■ EXERCISE DESCRIPTION ■
The material below includes pictures; leave them out and return only the lines between the line containing "Fruit Ninja Apk" and the line containing "Acquia Logo - Acquia Cloud", inclusive, word for word.

■ DATA PROVIDED ■
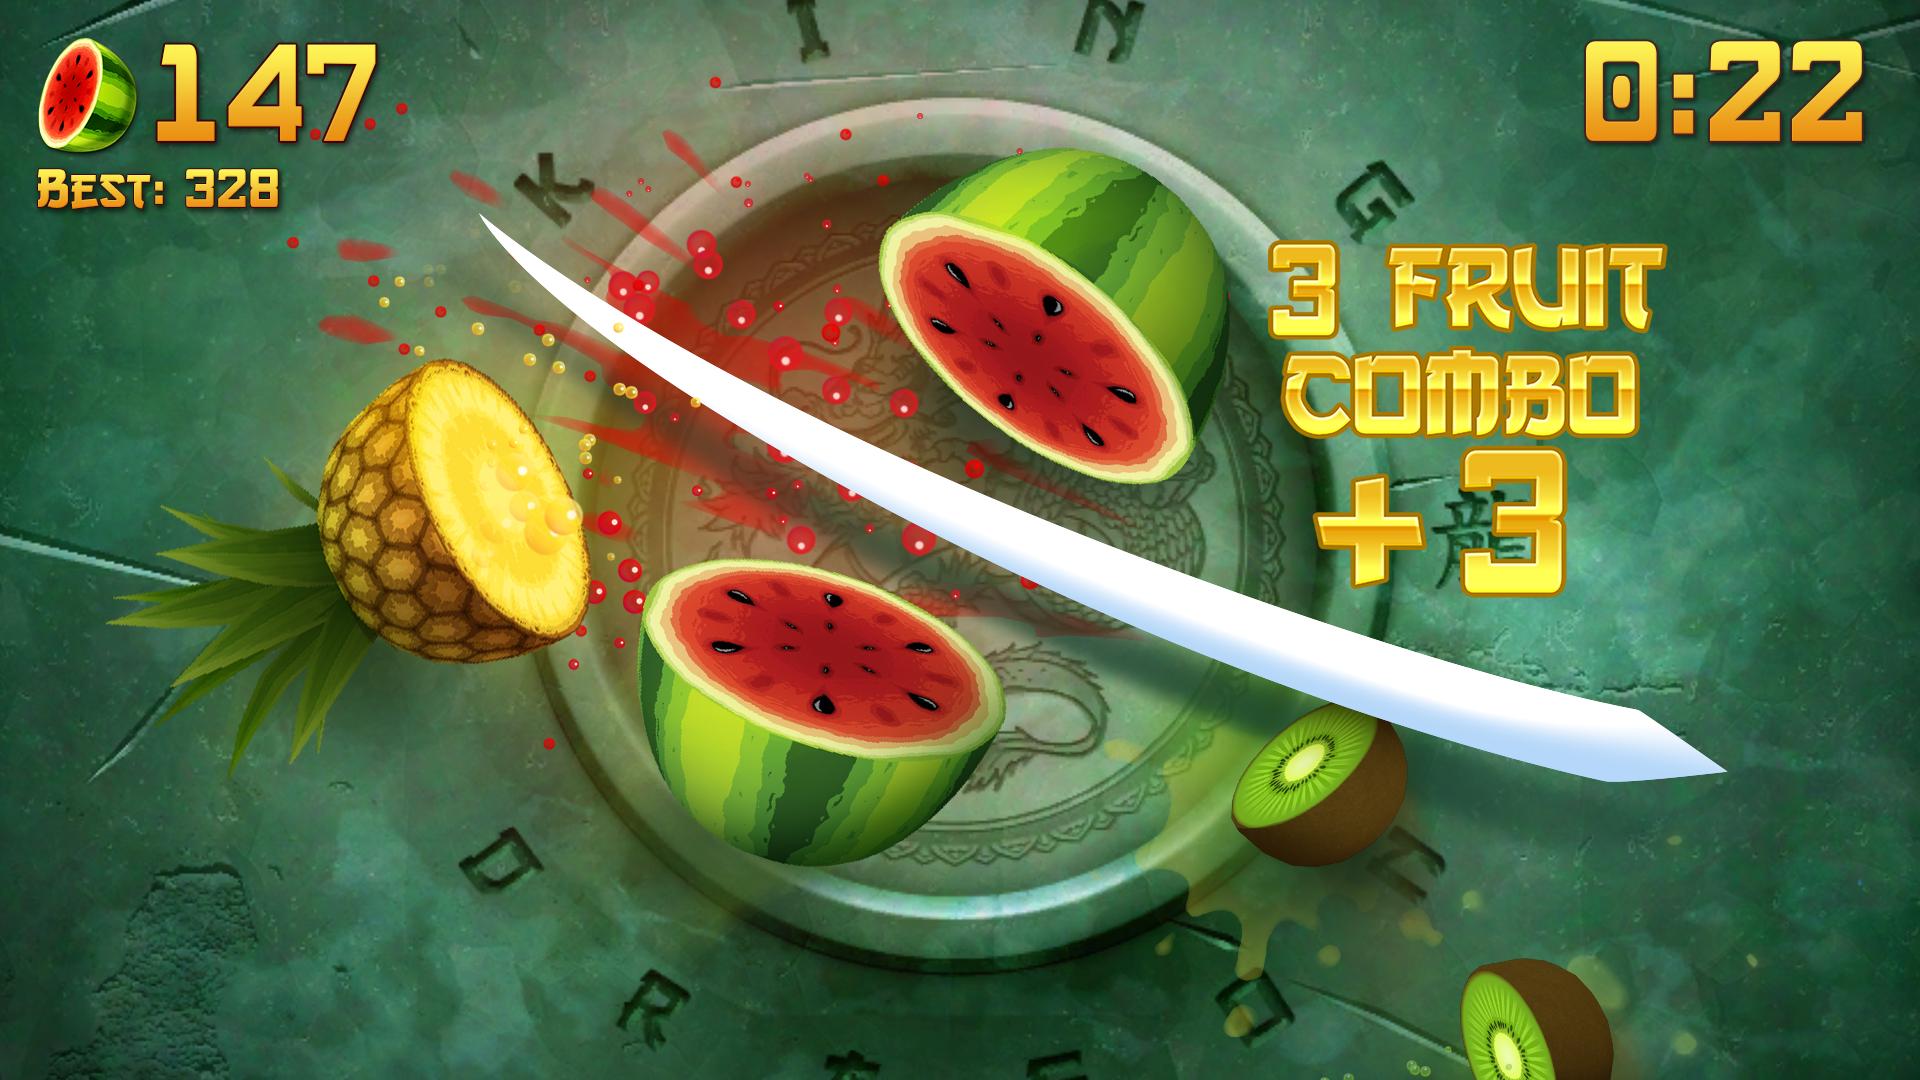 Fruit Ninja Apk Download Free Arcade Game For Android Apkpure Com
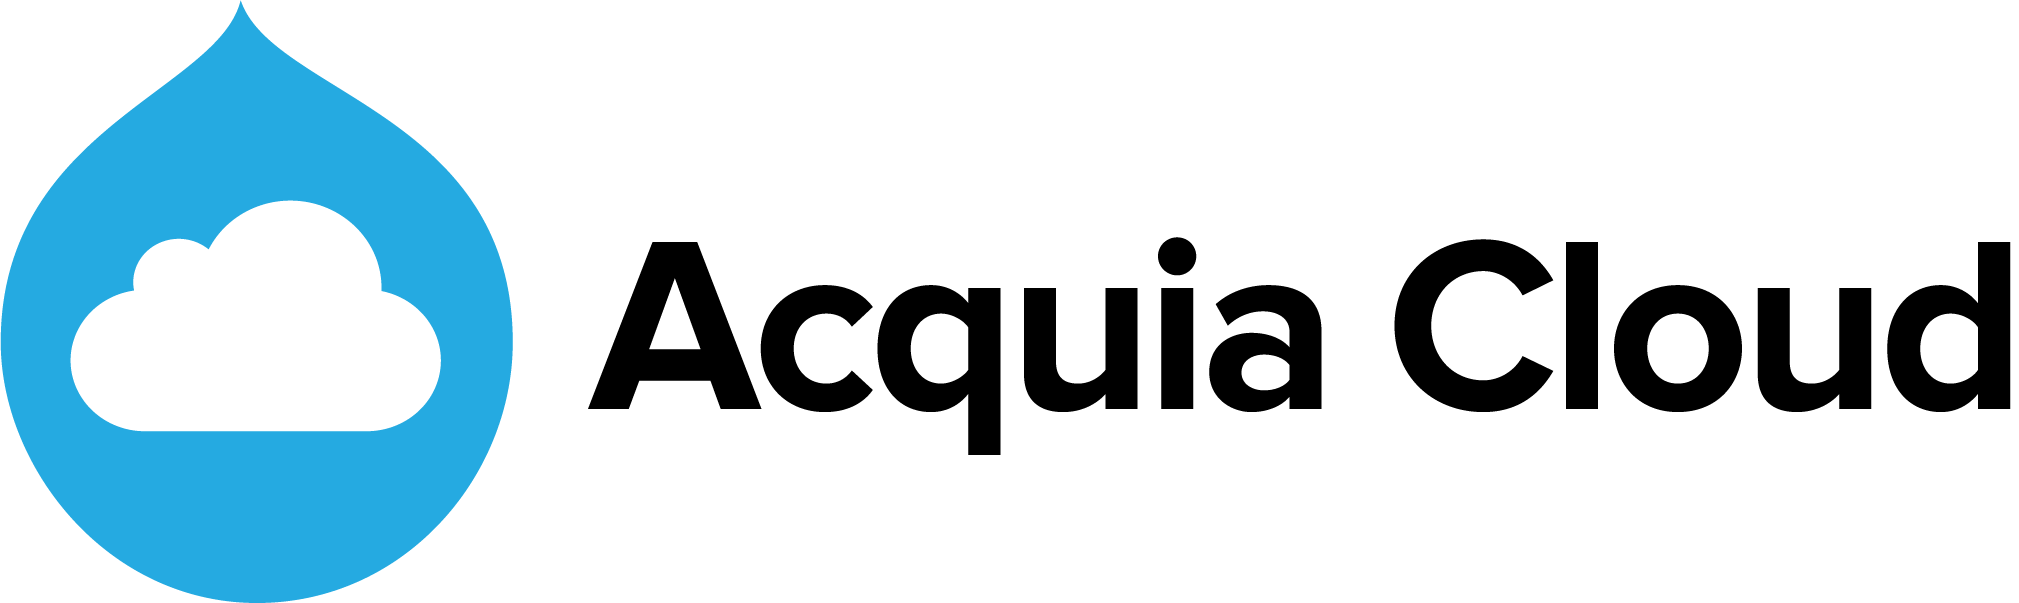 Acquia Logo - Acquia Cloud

--

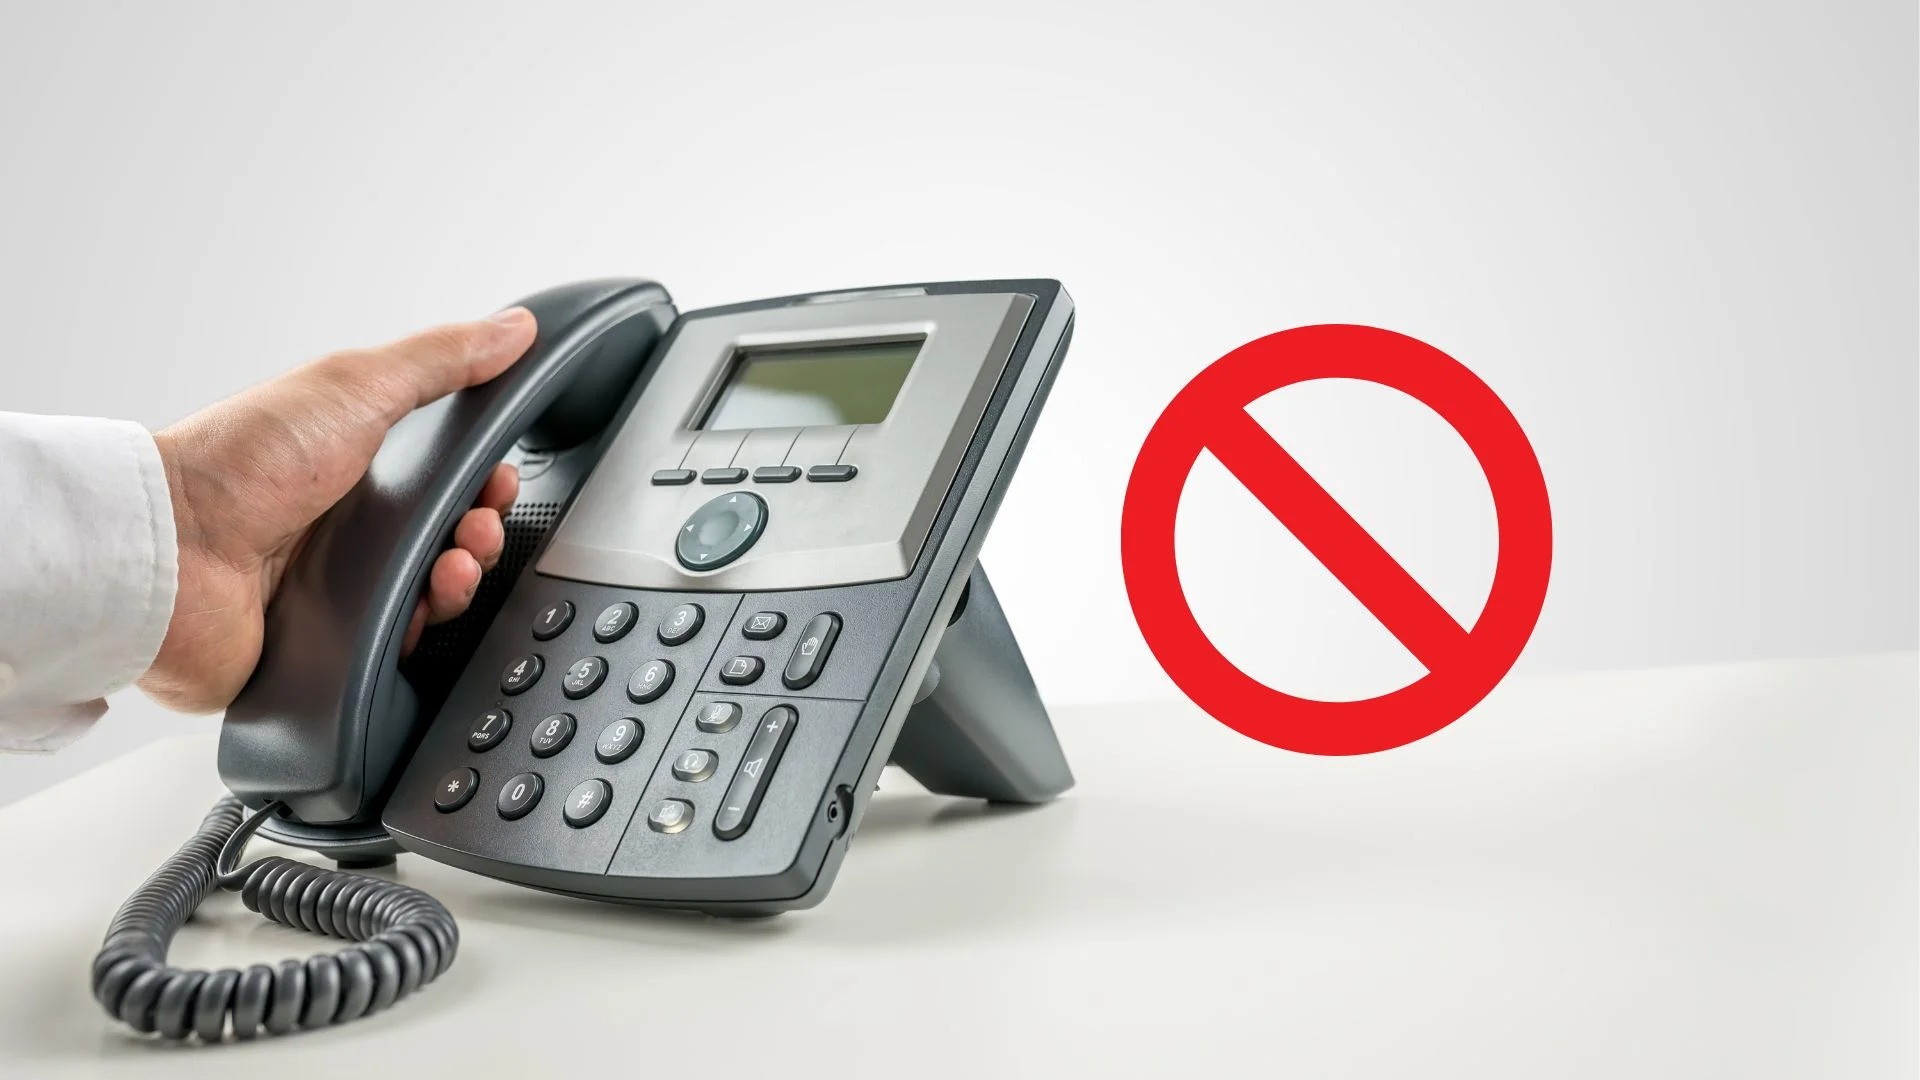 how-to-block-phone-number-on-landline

■ YOUR SOLUTION ■
 Fruit Ninja Apk Download Free Arcade Game For Android Apkpure Com
 Acquia Logo - Acquia Cloud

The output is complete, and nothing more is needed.